There were no doves, but he beheld an infinitely more welcome sight.
It was indeed the voice of god, a Young Fair God, holding up a mobile phone.
Yes, still young and fair, but now Christian's face was the face of a very vengeful deity.
"They found him, Joe. They found him. They're on their way."
Even as he spoke, Joe realized that the faraway sound that had so paralyzed him wasn't a roar of butterflies or anything else. It was the high-pitched, rhythmic wail of sirens, still a long way away but approaching fast, and now detectable by the terrace spectators, who broke their own expectant silence with speculative chatter.
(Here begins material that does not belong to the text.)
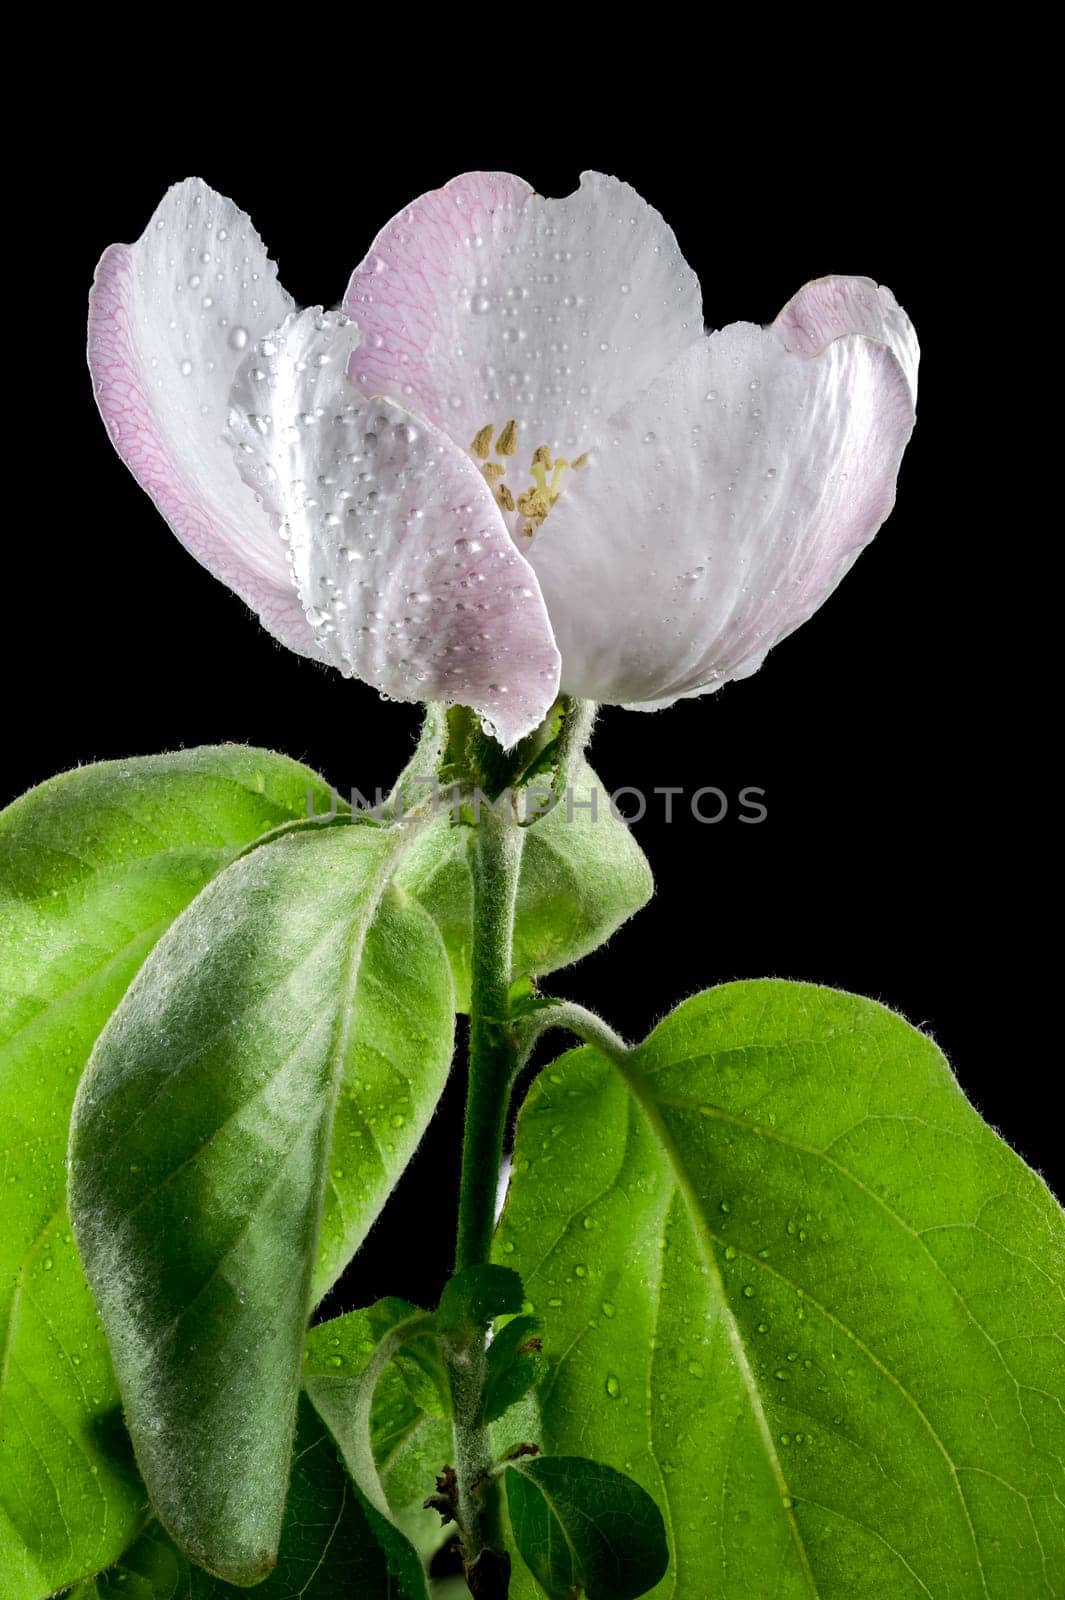 Blooming Quince tree flowers on a black background by Multipedia

Joe turned his head and looked at the Triangle. They too had heard and their faces were twisted in fearful speculation.
He smiled at them. Now at last his muscles unlocked and he felt he had the strength to step away.
On the other hand, there was a YFG above him, and Joe knew from his upbringing that while God might not dish out His grace too frequently, when He did, there was no stinting and a wise man filled his boots.
He brought to mind what Chip Harvey had said.
Eye on the ball, head still, swing easy.
He swung so easy, without any sense of contact, that for a second he was convinced he must have missed. Except that the ball that the eye in his perfectly still head was on wasn't there.